La petición considera que las sanciones coordinadas a nivel internacional pueden ayudar al pueblo de Cuba a librarse de sus opresores.

El martes, Estados Unidos anunció que continúa comunicándose con el gobierno de Cuba con respecto a las consecuencias humanitarias y ambientales en evolución, tanto del huracán Ian como del incendio del 5 de agosto en Matanzas. Un vocero del Departamento de Estado, en un correo electrónico a Radio Televisión Martí, señaló, sin añadir detalles, que la administración del presidente Joe Biden está evaluando las formas en que puede continuar apoyando al pueblo cubano, de conformidad con las leyes y reglamentos de los Estados Unidos.
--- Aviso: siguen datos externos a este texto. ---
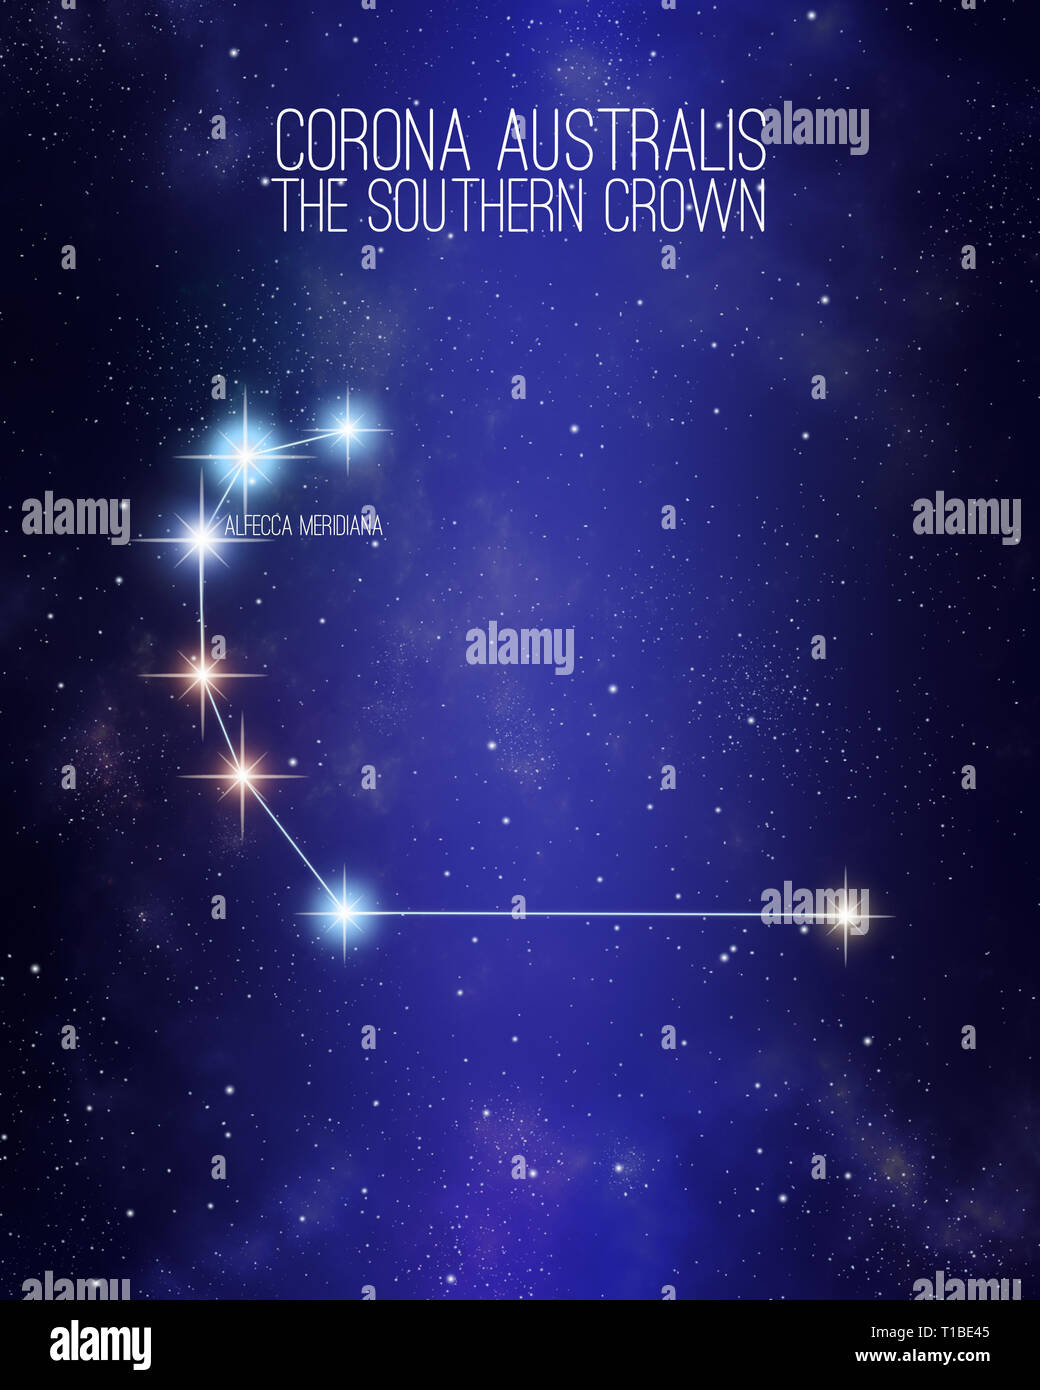 Corona australis the southern crown constellation on a starry space background with the names of its main stars. Relative sizes and different color sh Stock Photo

El pedido, respaldado por cientos de firmantes, recuerda que "recientemente la prensa norteamericana ha dado realce al pedido de ayuda que Cuba ha hecho a Estados Unidos" y afirma que es necesario que esta solicitud no sea vista como gesto de buena voluntad de Cuba, sino como "la desesperada acción de la dictadura para perpetuarse, una dictadura que tal vez esté ensayando formas menos soberbias hacia afuera, pero que hacia adentro muestra en este minuto su cara más cruel e irracional. Ayudar al régimen de La Habana seria como ayudar al régimen de Putin, ni más ni menos".

A continuación reproducimos la declaración

Por un cambio real en Cuba: ¡No más oxígeno a la dictadura!

Los cubanos vuelven a tomar las calles para exigir sus derechos. Desde el estallido social del 11 de julio del 2021, la ciudadanía es consciente de la efectividad que tiene este método de manifestación pública para reclamarles a los funcionarios del gobierno demandas concretas, de las que no queda exceptuada la demanda fundamental de libertad. Eso queremos dejarlo claro: el pueblo de Cuba sabe cuál es el origen de sus males, sabe que para tener una vida digna y a largo plazo hay que sacar al régimen totalitario que lleva más de 63 años en el poder y construir todo de nuevo. Los catalizadores de las protestas en cada caso pueden ser diversos, pero hay que verlas todas como un proceso de rebelión constante que prende y se apaga, solo aparentemente, por la represión que no cesa.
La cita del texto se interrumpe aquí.